# American Vision



## love2read (Feb 26, 2004)

I am reading Last Days Madness by Gary DeMar (among some other books) and I must say I find it a very interesting book. Can some of you share me your thoughts?

Can anyone of you tell me something more about the books published by American Vision. Are they all worth reading as LDM is?


----------



## wsw201 (Feb 26, 2004)

DeMar and American Vision are Reconstructionists. If you like CR material you'll like DeMar.


----------



## love2read (Feb 26, 2004)

Can you tell me more on reconstructionism and CR?


----------



## wsw201 (Feb 26, 2004)

[quote:1f06d3acec][i:1f06d3acec]Originally posted by love2read[/i:1f06d3acec]
Can you tell me more on reconstructionism and CR? [/quote:1f06d3acec]

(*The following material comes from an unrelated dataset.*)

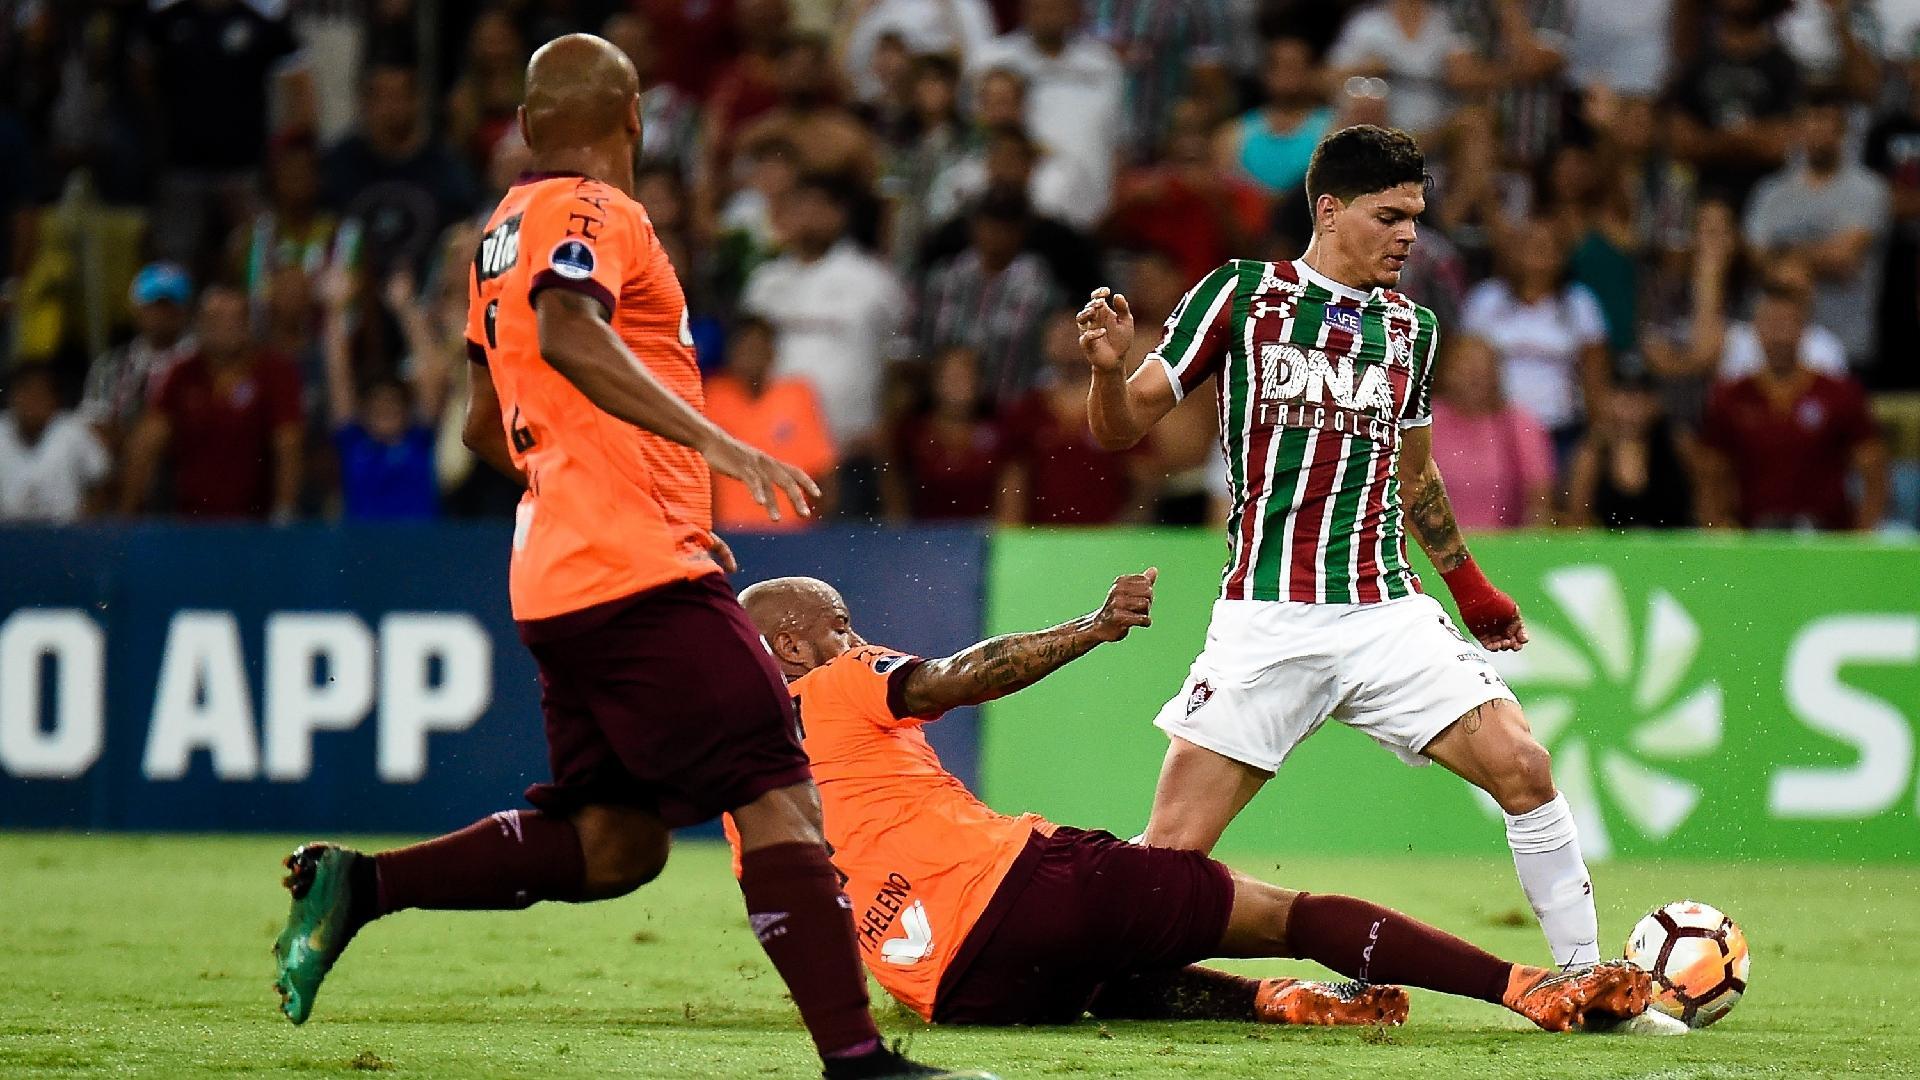 Ayrton Lucas carrega bola durante partida entre Fluminense e Atlético-PR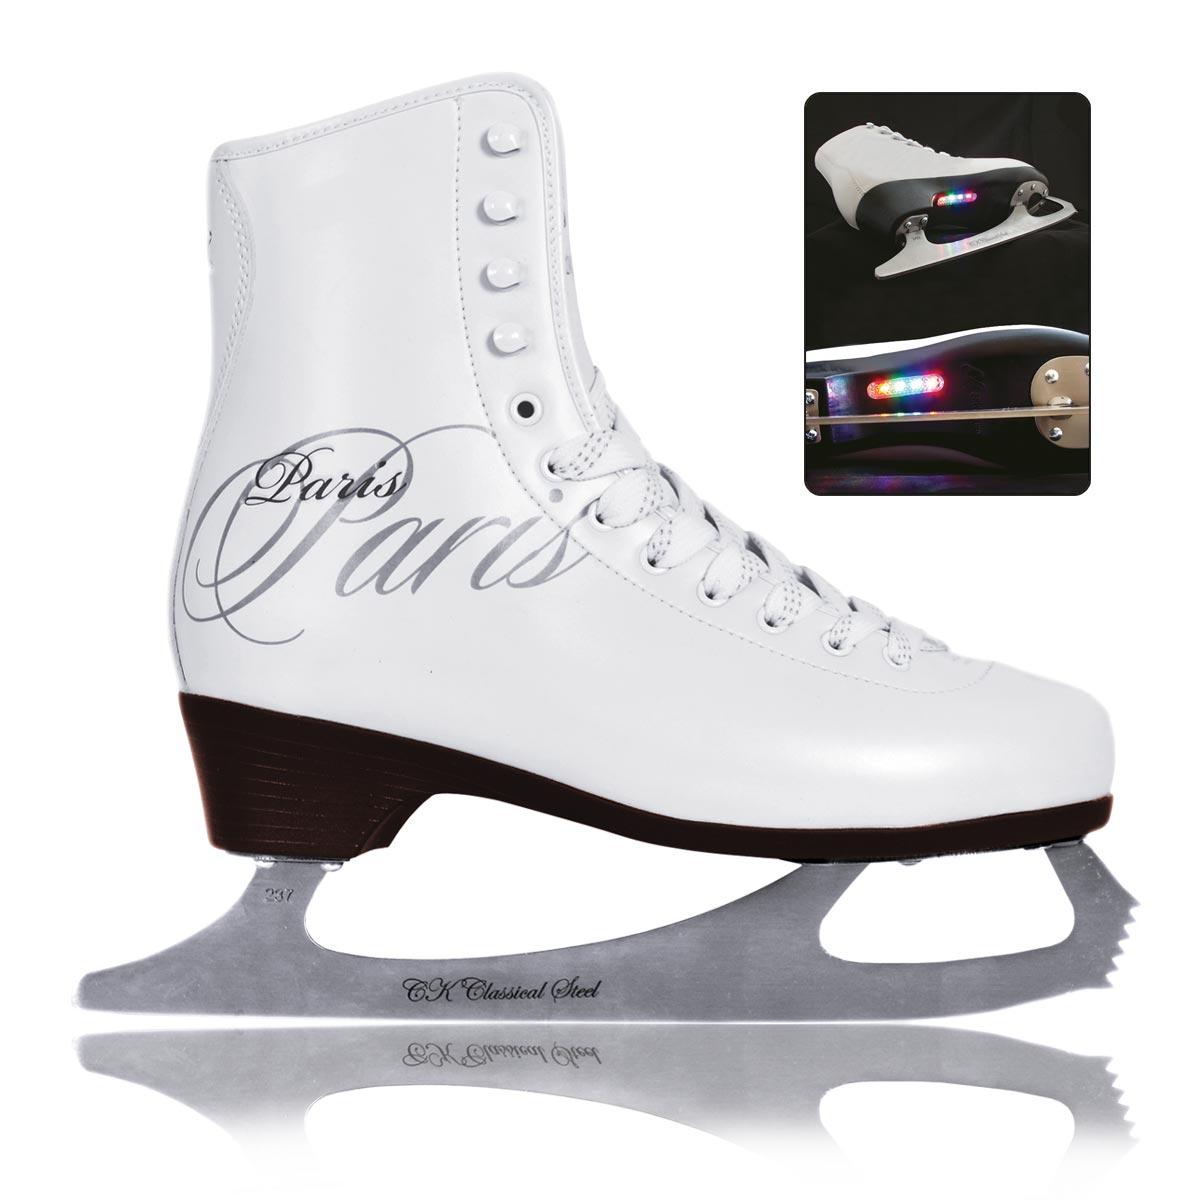 СК Коньки фигурные для девочки CK Paris Lux Tricot, цвет: белый. Размер 34 PARIS LUX tricot_белый_34

Reconstructionism is also known as Theonomy. CR is short for Christian Reconstruction. Some of the more prominant proponents are Greg Bahnsen, Gary North, Rousa (sp?) Roshdooney. Bahnsen is probably the most articulate in the CR camp.

You might want to do a search on the subject as there have been a number of threads on this topic.


----------



## dkicklig (Feb 26, 2004)

&quot;Last Days of Madness&quot; was the book that set me on the path of reformation. I was so disgusted with dispensational premillenialism, and this opened my eyes that there are other views of eschatology.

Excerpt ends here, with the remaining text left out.